I have long hoped that somewhere in Italy there must be makers of good quality clothes for people who like to dress well but can’t or won’t pay designer prices. But I had never found any – until recently. Even more than in Britain, there is a hole where the middle-market should be. Online searches reveal low-priced disposable fashion – and then the top end. The difference lies in the proportions of the two: less of the former, and more of the latter – at least when it comes to selling online. Classic style is hardly the dominant concern in modern Italy that the rest of the world seems to believe: as the clip below shows, there are plenty who default to the international uniform of jeans/chinos/cargo pants/trainers (and they are not all tourists…), but equally, one still sees more people who clearly do fare la bella figura, certainly compared with the U.K., where it’s no longer done to dress ‘up’ except at weddings.

Maybe we’re just not seeing the whole range. It would not surprise me if the Italian online clothing market is a mere fraction of its British equivalent – and much of what there is seems aimed at high-spending Americans. Whatever the style, in Italy, sartorial purchases are perhaps too important to be made so lightly…

There are department stores and the like: La Rinascente is perhaps the best known – but generally, they seem nowhere near as dominant as in the UK. People there seem more likely to buy from the many small retailers, certainly if they want anything other than the usual globalised fare.

An acquaintance in the trade confirmed my impressions of the top end: the tailors who make Italian menswear the envy of the world seem quite content to continue charging premium prices and see no need to head downmarket just to please we less affluent punters. That would seem more condescending that it is, were it not for the fact that plenty of Italian men seem prepared to spend amounts on clothes that would bring tears to the eyes of the average British bloke – and to be fair, I see no reason why skilled labour should come cheap just to satisfy the likes of me. But this still leaves a problem for those of us who admire the style without being able to spare £950 for the exquisite Canali jacket I saw in a shop window a few days ago…
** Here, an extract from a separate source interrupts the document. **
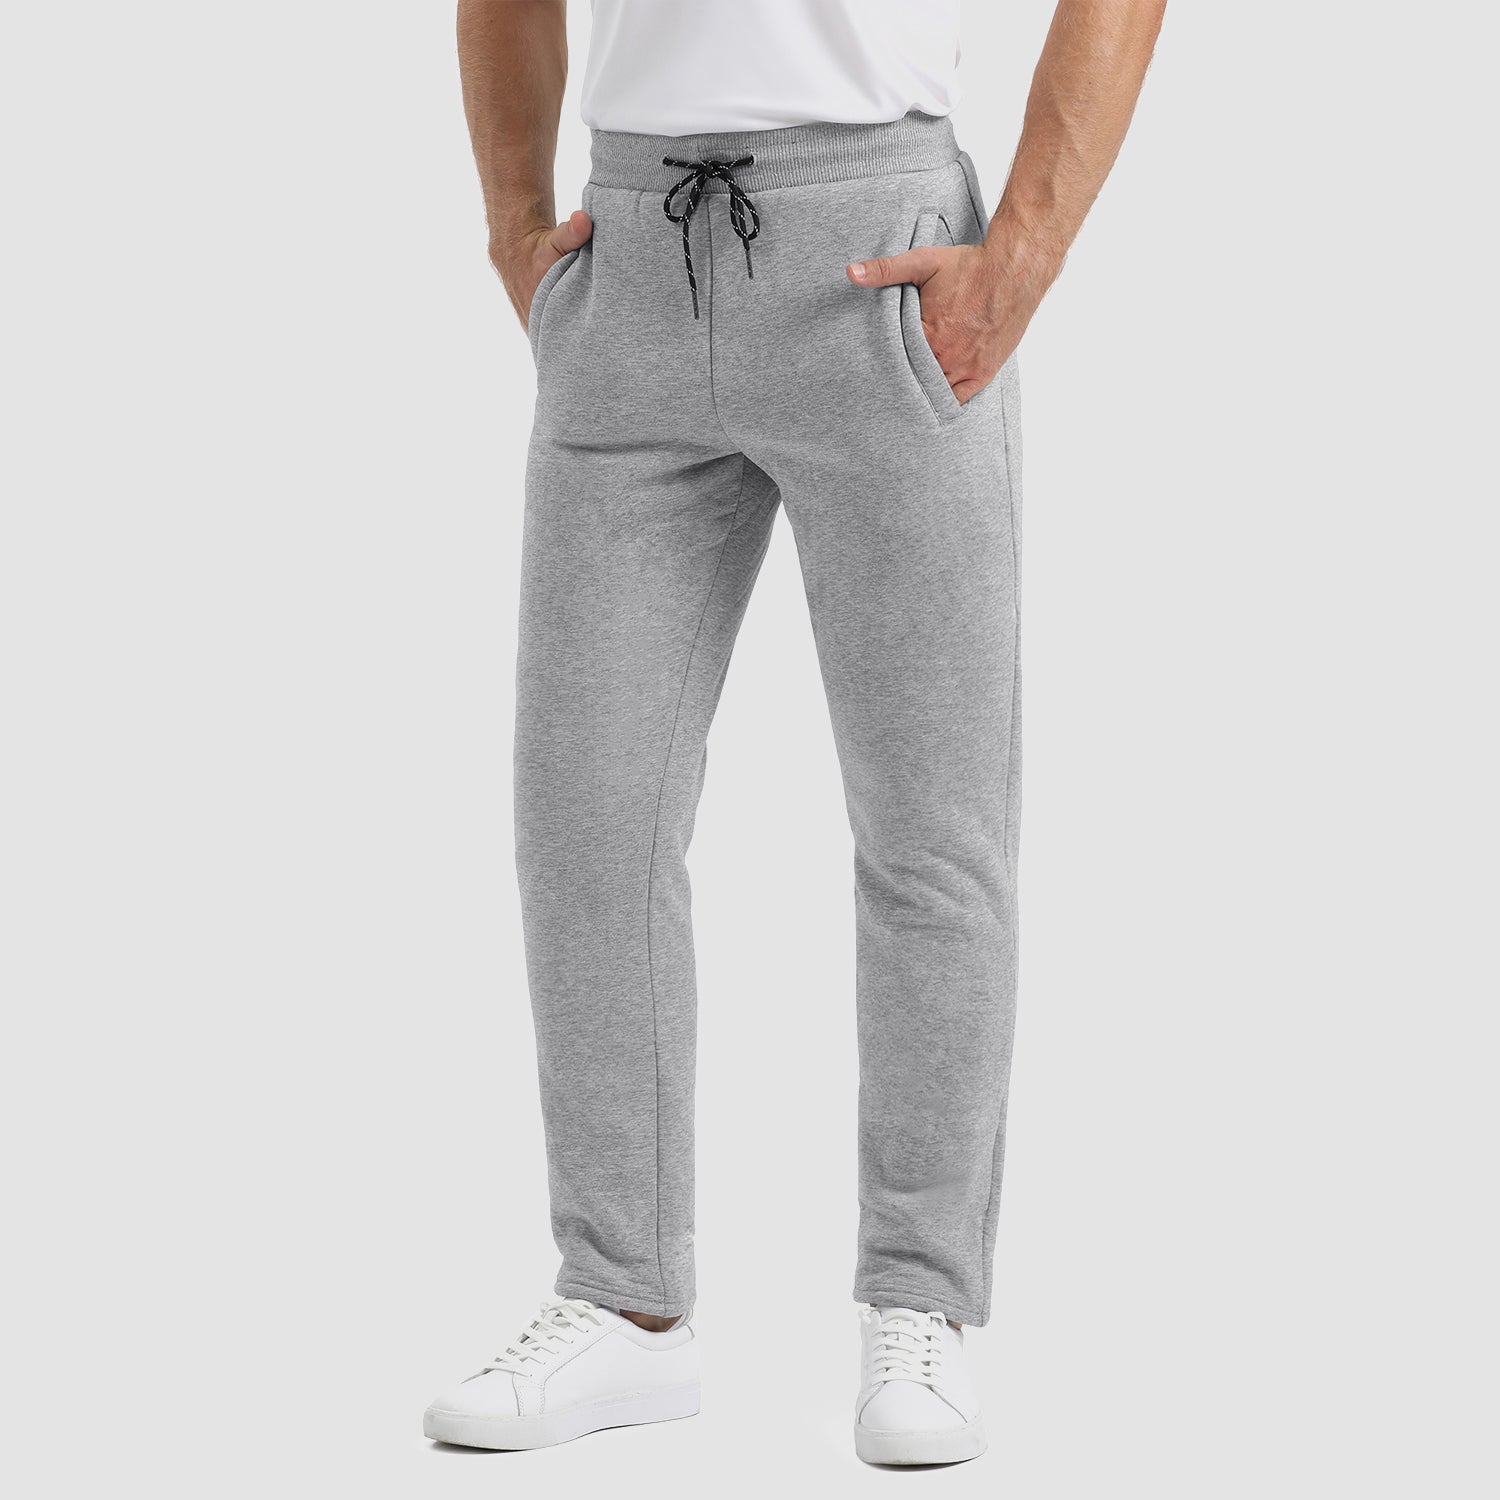 Mens Winter Casual Fleece Lined Pants Thick Warm Loose Long Outdoor Trousers  New | eBay

I’ve tried every which way to solve this puzzle. There are plenty of British clothiers who buy (and flaunt) their Italian fabrics. Moss Bros, for example, offer fabrics from Cerruti, Zegna, Barberis and more – but the problem comes when they get their scissors out: the items they produce are, well, just dull… They lack the ‘edge’ that makes Italian tailoring work. Sadly, the same largely goes for Tyrwhitt. I suspect that such chain-retailers are hardly buying the best quality to begin with: anything so long as they can add a price-hiking label – and they certainly don’t indulge in the time-consuming niceties that give Italian clothing its distinctive appeal. I suppose they would argue there’s no demand for it in this country. But then, they often offer such items only in sizes that would fit a skinny teenager…

A new discovery was Pini Parma, founded by Thomas Pini, an Italian living in Paris. His ready-to-wear clothes are beautiful, and very good value (though still not cheap) – but once again, they are only offered in a limited size range.

I have tried a couple of the growing number of online made-to-measure services, many being based in India and offering (not?) surprisingly low prices. Despite some ethical concerns, I concluded that I might as well cut out the middlemen and pay the makers direct: at least that way, I have a little knowledge of the source. Some are using Italian fabrics, often from previous seasons or ends of rolls to keep the overheads low, and they do allow the buyer to customise items, such that quasi-Italian style might be achievable. I’ve now bought a few pairs of trousers this way over the years: they have all been well-enough made, the fabrics are indeed good, and – importantly – the fit is pleasing. What’s more, they solve the problem of the somewhat more middle-aged north European size that I need. The styling, however – while acceptable – is clearly not done with an Italian eye…

It is of course true that one generally gets what one pays for; the bargain end of the spectrum tends to have synthetics in the mix, which almost always means garments will lose their shape quickly. Pretty much what you would get from a high-street product. Better to stick to natural fibres – though it is still possible to acquire a decent pair of made-to-measure trousers for not very much more than the price of a better high-street pair – and a few weeks’ wait.

This summer, however, having foregone a holiday for the second year in a row, I decided to push the boat out and see what they could do with a higher-quality fabric from a named Italian mill. An order was duly placed with Studio Suits – a company in Mumbai about which I have seen mixed reviews but have never personally had any issues.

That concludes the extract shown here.